Aktualisierung: Am 16. Juli berichtete Hinz&Kunzt, dass der Fonds der Clearingstelle um 300.000 aufgestockt wurde.

Für einen starken Flüchtlingsschutz

hamburgasyl hat – gemeinsam mit 275 Organisationen – das Memorandum „Für einen starken Flüchtlingsschutz“ unterzeichnet. Wir positionieren uns damit für eine menschenrechtsbasierte Flüchtlingspolitik – insbesondere in einer Zeit, in der mit der Umsetzung der Reform des Gemeinsamen Europäischen Asylsystems (GEAS) die Rechte von Schutzsuchenden zunehmend beschränkt und ausgehöhlt werden.

Das Memorandum erinnert daran, dass der internationale Flüchtlingsschutz – verankert in der Genfer Flüchtlingskonvention – auf dem Recht jedes Menschen auf Sicherheit und ein Leben in Würde beruht. Gleichzeitig zeigt es, dass die aktuelle politische Praxis diesem Anspruch oft nicht gerecht wird: Geflüchtete werden gesellschaftlich ausgegrenzt, ihre Rechte von Gesetzgebern eingeschränkt und Flucht von der Politik zunehmend als Sicherheitsproblem behandelt.

Dem stellt das Memorandum eine klare Alternative gegenüber. Es wechselt den Blickwinkel weg von Mindeststandards hin zu einer Vision von Gesellschaft, in der alle Menschen – ob schutzsuchend oder nicht – gut und würdevoll leben können.
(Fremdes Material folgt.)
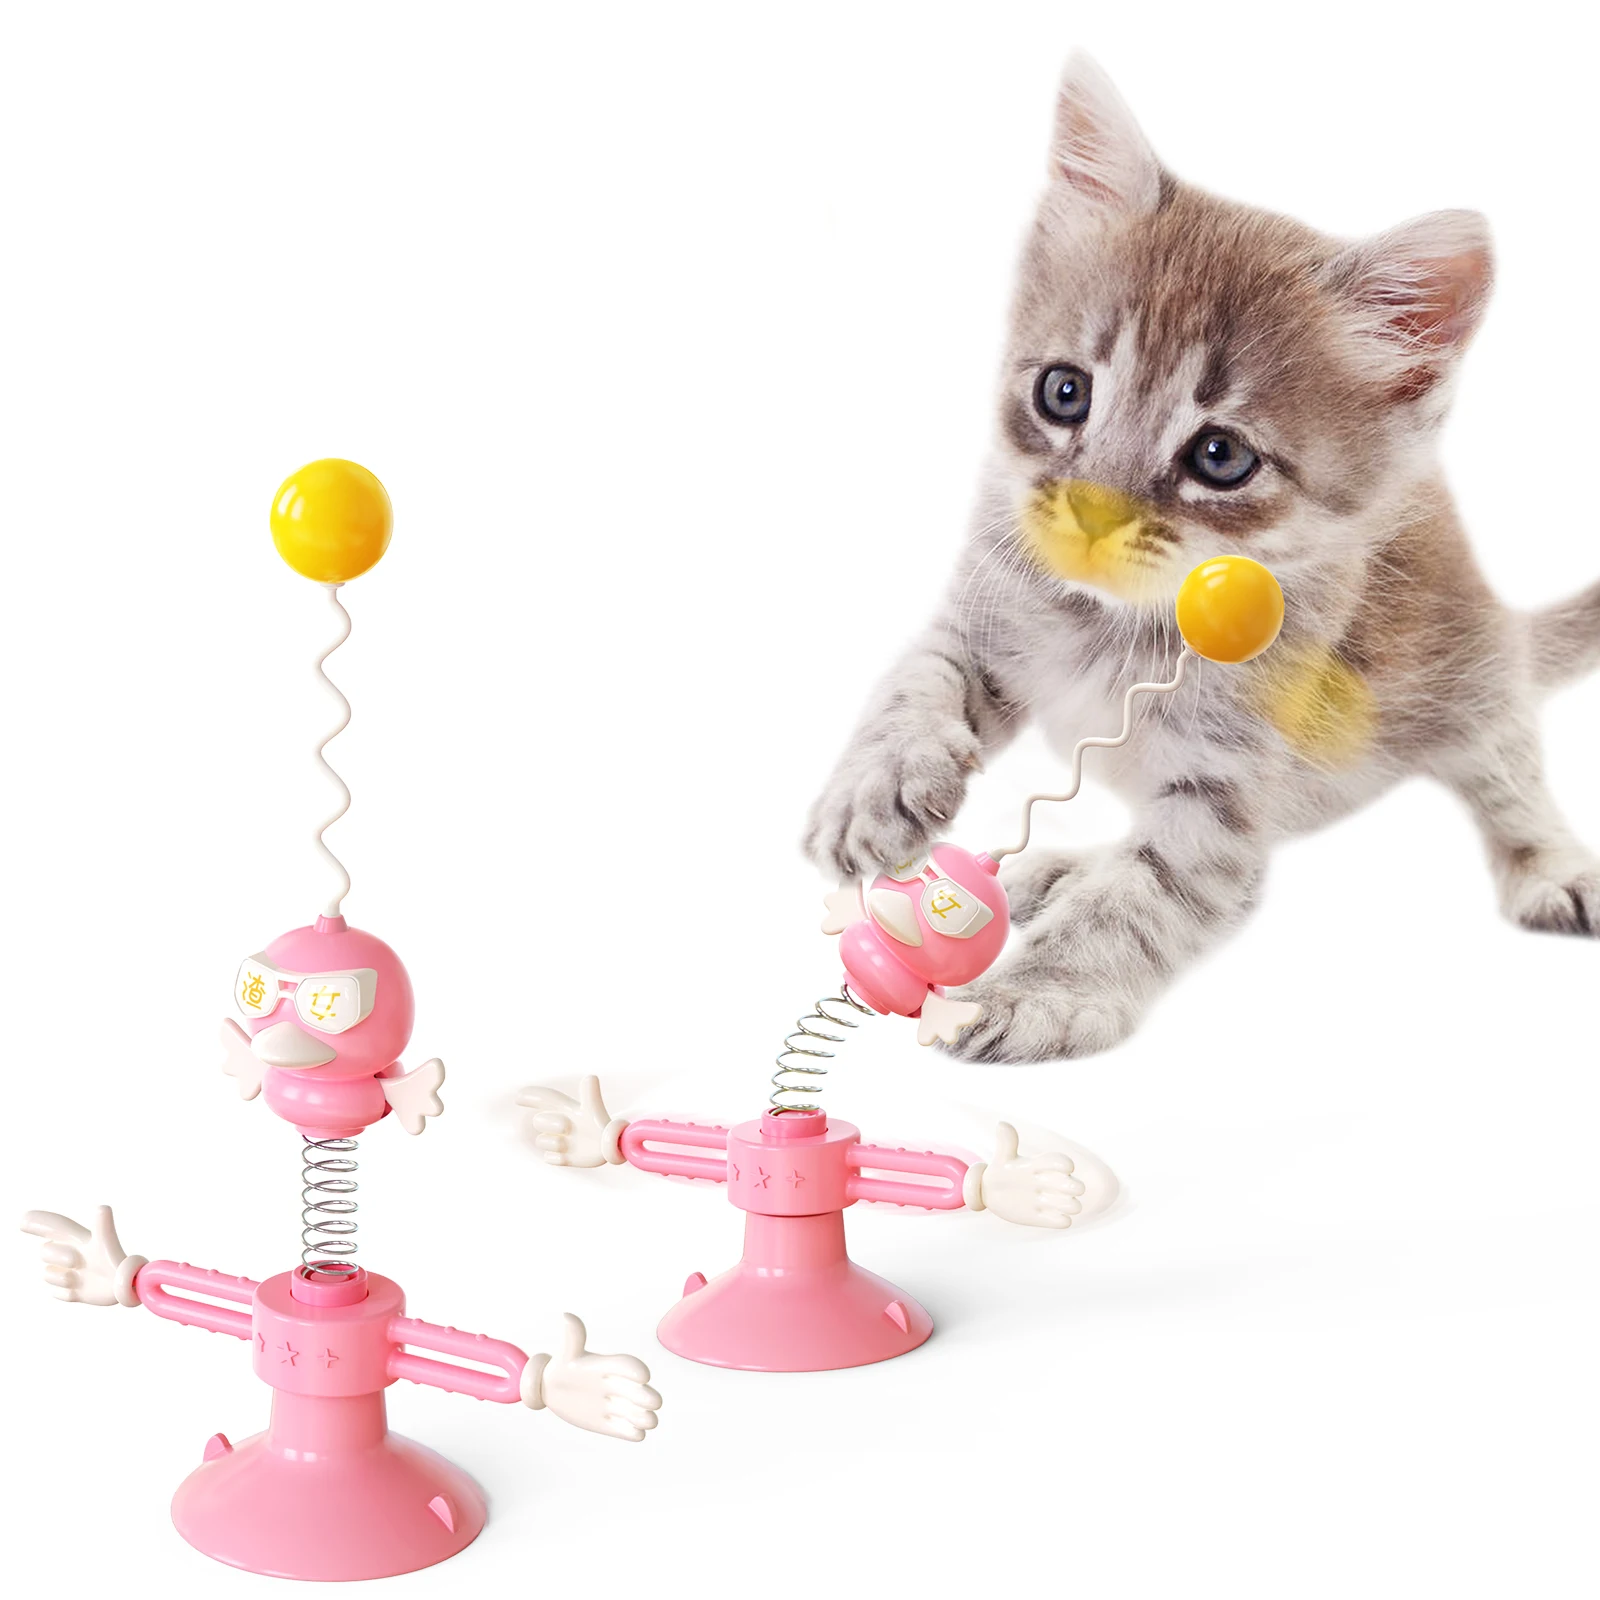 

Cat toy windmill turntable spring bird tease cat stick with suction cup tumbler toy cat self hi artifact pet products, Mix color
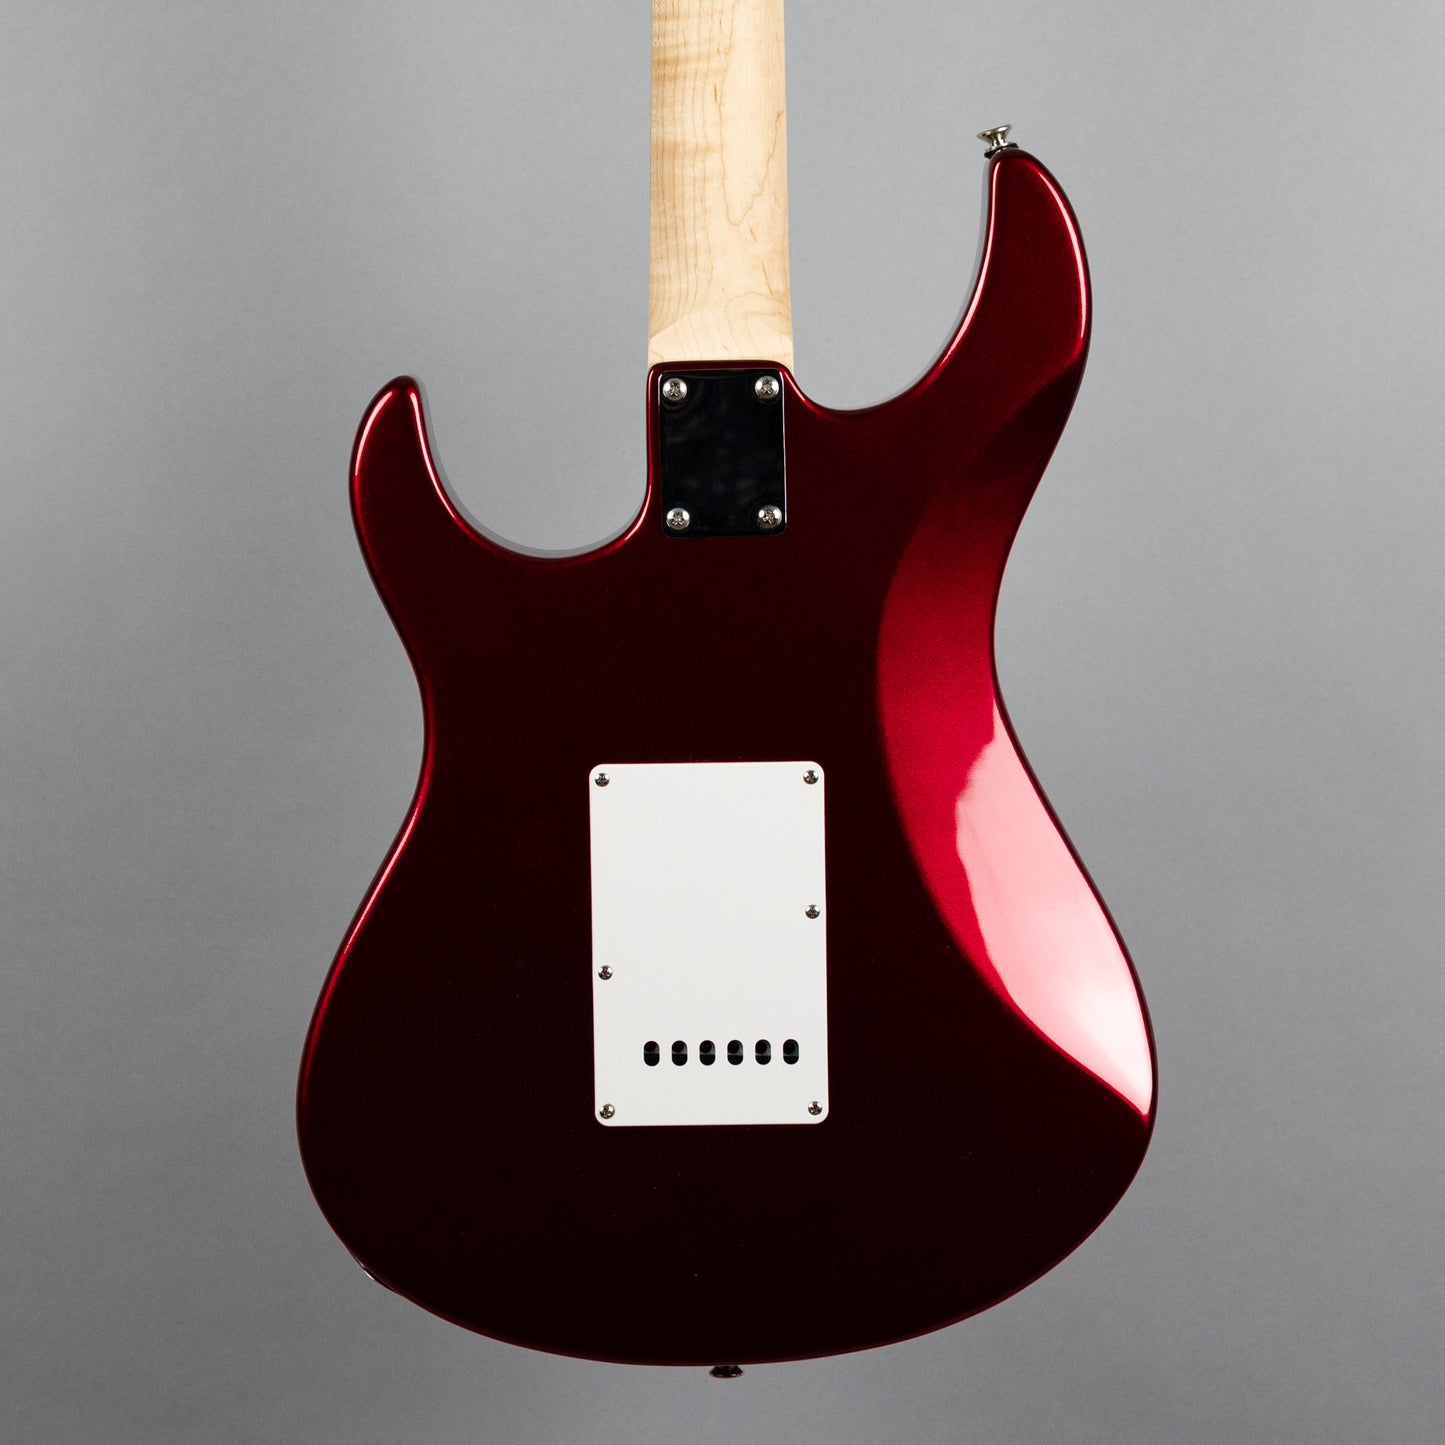 Yamaha PAC012 Pacifica Electric Guitar in Red Metallic

Flüchtlingsschutz ist nicht nur rechtliche Pflicht, sondern Grundlage für ein solidarisches Zusammenleben.

Konkret fordert das Memorandum unter anderem sichere Fluchtwege, faire und transparente Asylverfahren, soziale Rechte von Anfang an sowie echte Teilhabe- und politische Mitgestaltungsmöglichkeiten für Geflüchtete. Damit wird deutlich: Eine andere Flüchtlingspolitik ist möglich – eine, die nicht auf Abschreckung, sondern auf Menschenrechte, Solidarität und gesellschaftlichen Zusammenhalt setzt.

Dietlind Jochims, Flüchtlingsbeauftragte der Nordkirche: „Auch wenn es mit der Hoffnung manchmal auch richtig herausfordernd ist: Es ist für mich alternativlos, dass wir uns weiter für eine menschliche und menschenfreundliche Welt einsetzen, wo wir können. Das ist nun mal unser „Kernauftrag“ – als Menschen.“

Zum Memorandum: Es geht auch anders! Gemeinsam für Schutz und Zusammenhalt

Appell zur IMK

Pressemitteilung Diakonie Hamburg
Appell zur Innenministerkonferenz in Hamburg: Integration stärken, Schutzrechte sichern

Anlässlich der Innenministerkonferenz, die vom 17.-19. Juni in Hamburg stattfindet, appelliert die Diakonie an die Verantwortlichen, die Integration von Migrant*innen und Geflüchteten zu stärken und die Wahrung grundlegender Schutzrechte sicherzustellen. Die Konferenz ist ein zentraler Ort migrationspolitischer Weichenstellungen. Wer Integration ernst meint, sollte auch die Voraussetzungen dafür schaffen und erhalten.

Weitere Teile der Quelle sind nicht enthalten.